## Work required
Wherever a picture appears in the listing below, leave it out and reproduce the rest exactly.

## Stored data
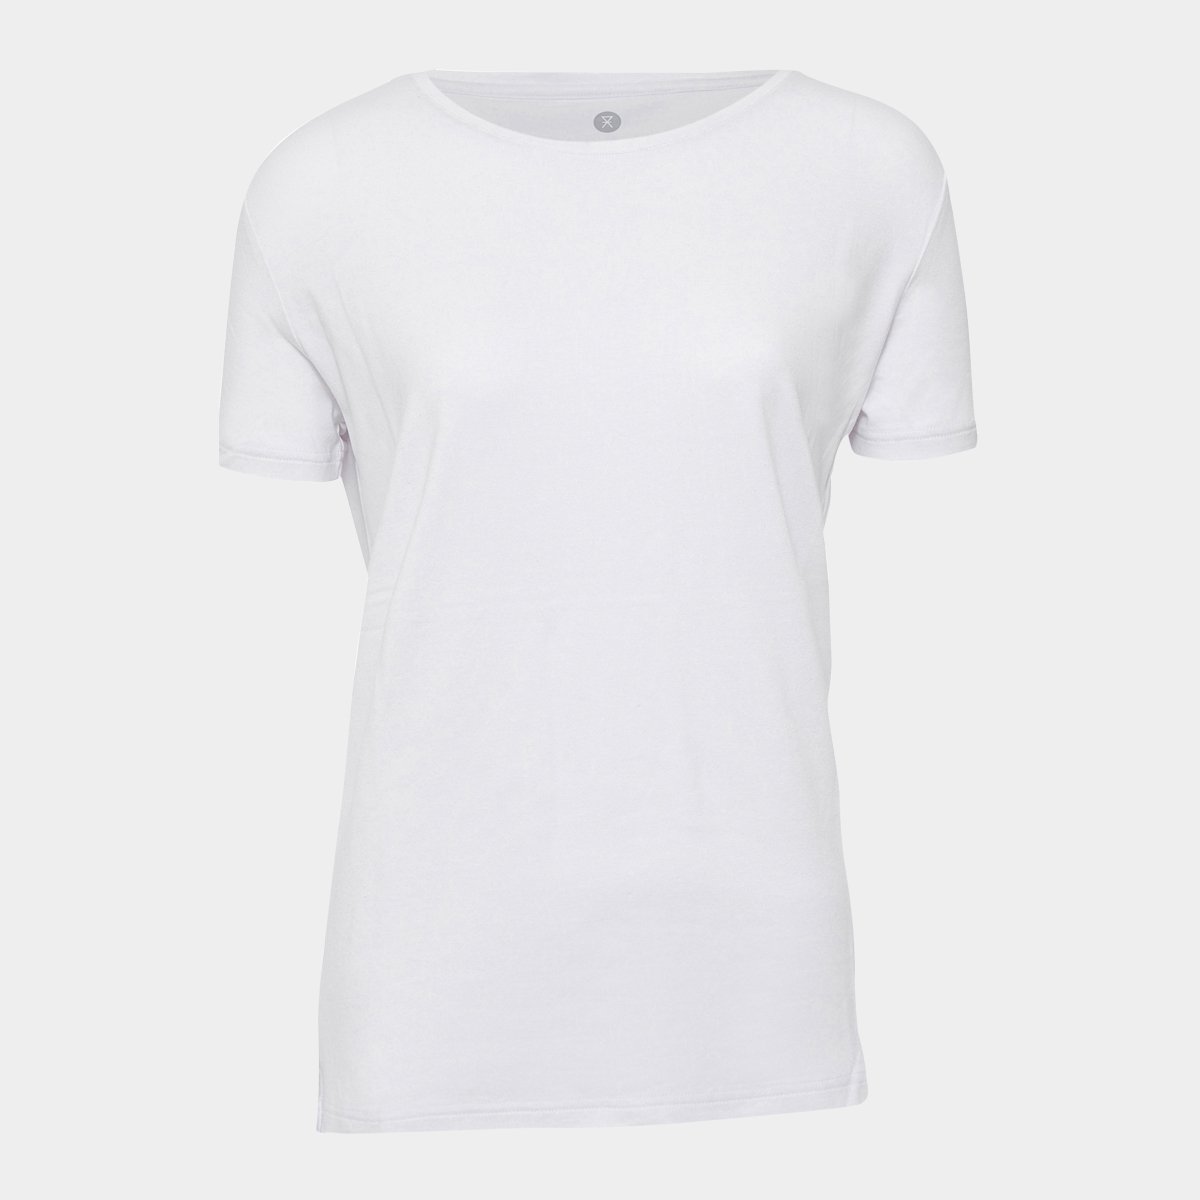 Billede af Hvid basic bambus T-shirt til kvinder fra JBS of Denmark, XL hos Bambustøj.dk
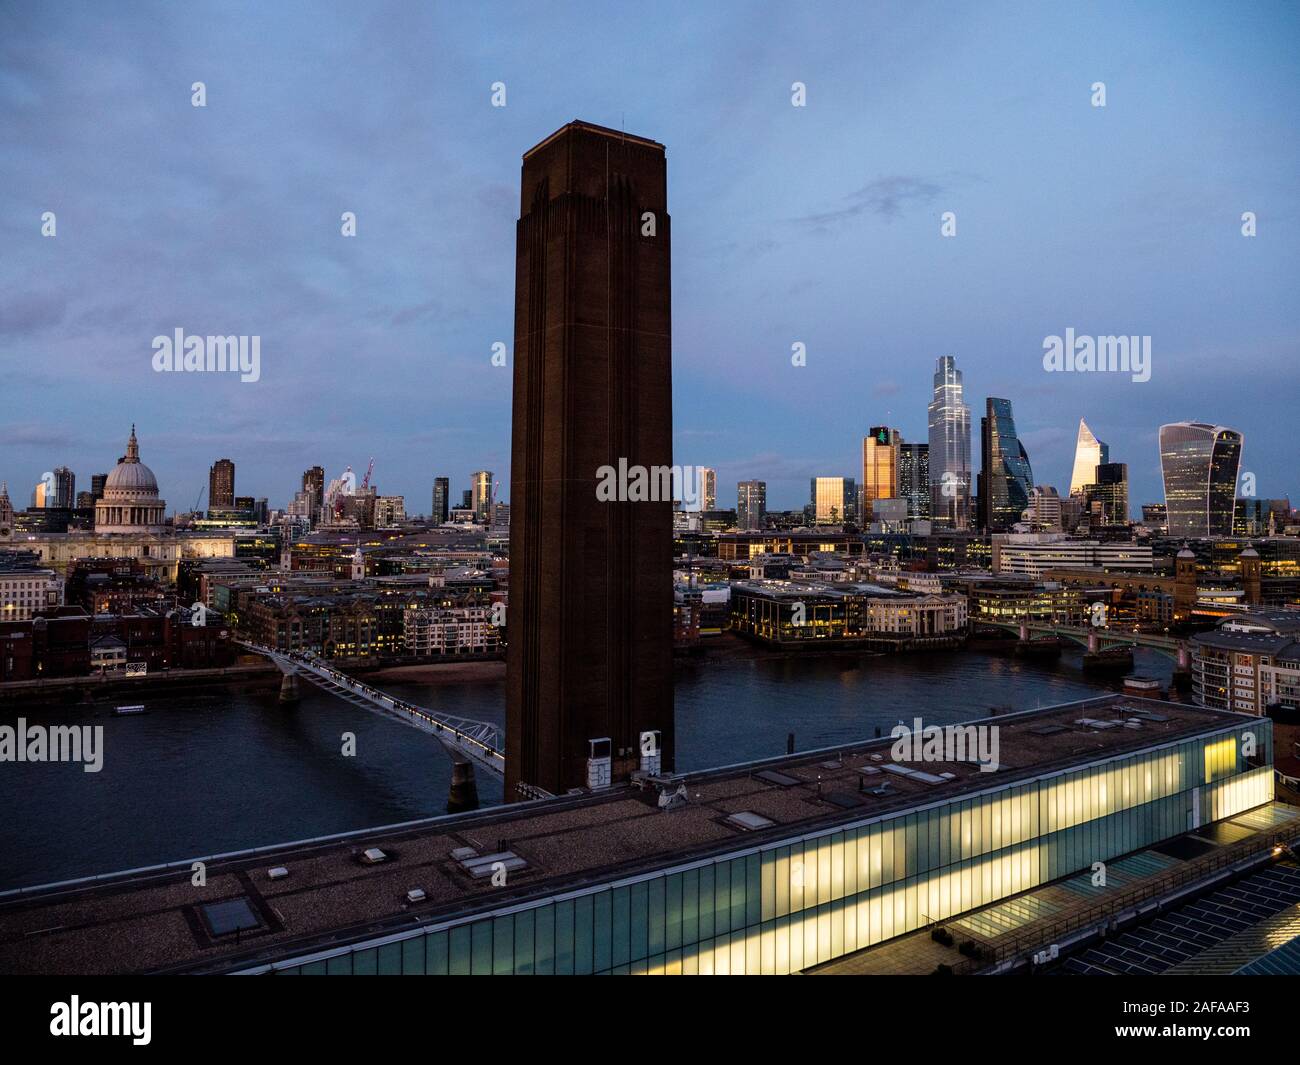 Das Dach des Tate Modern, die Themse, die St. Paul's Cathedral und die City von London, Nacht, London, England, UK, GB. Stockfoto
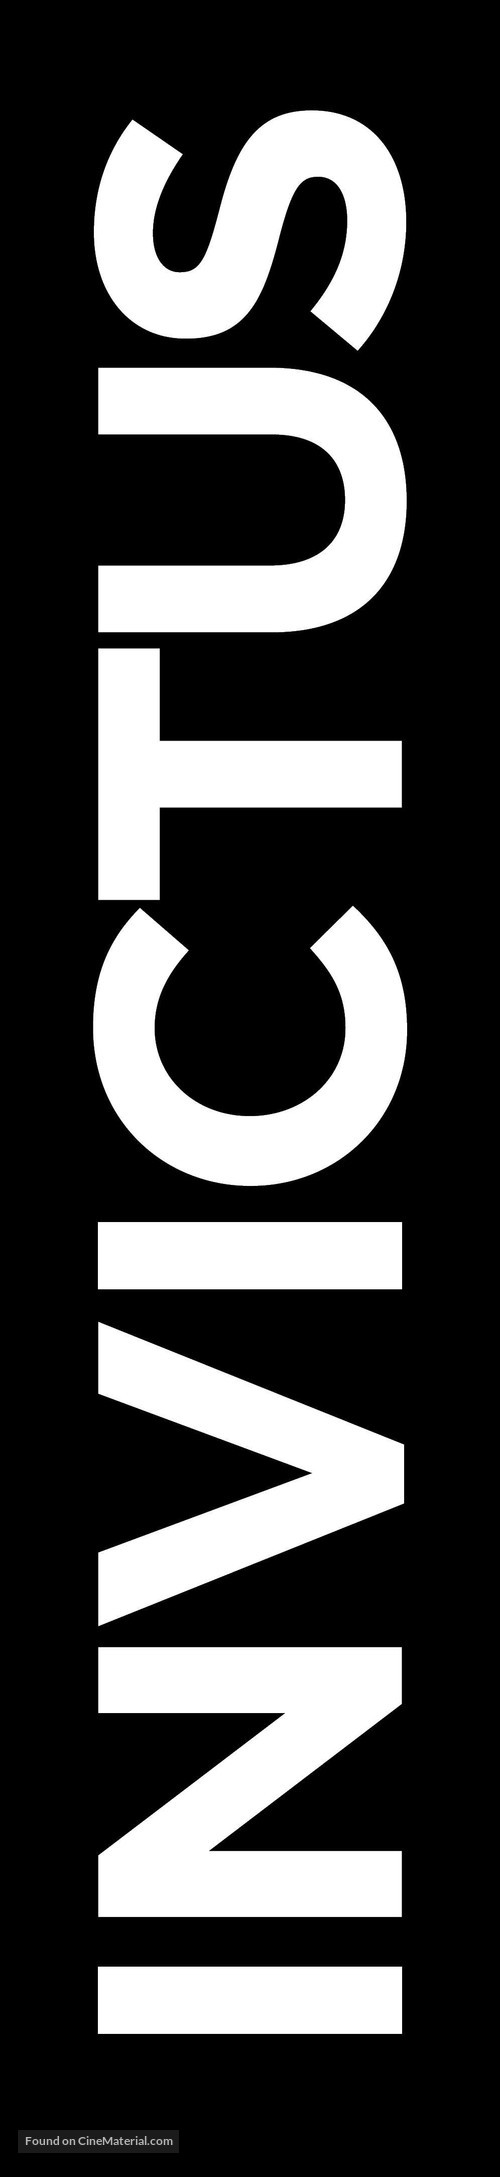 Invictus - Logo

## Written answer
 Billede af Hvid basic bambus T-shirt til kvinder fra JBS of Denmark, XL hos Bambustøj.dk
 Das Dach des Tate Modern, die Themse, die St. Paul's Cathedral und die City von London, Nacht, London, England, UK, GB. Stockfoto
 Invictus - Logo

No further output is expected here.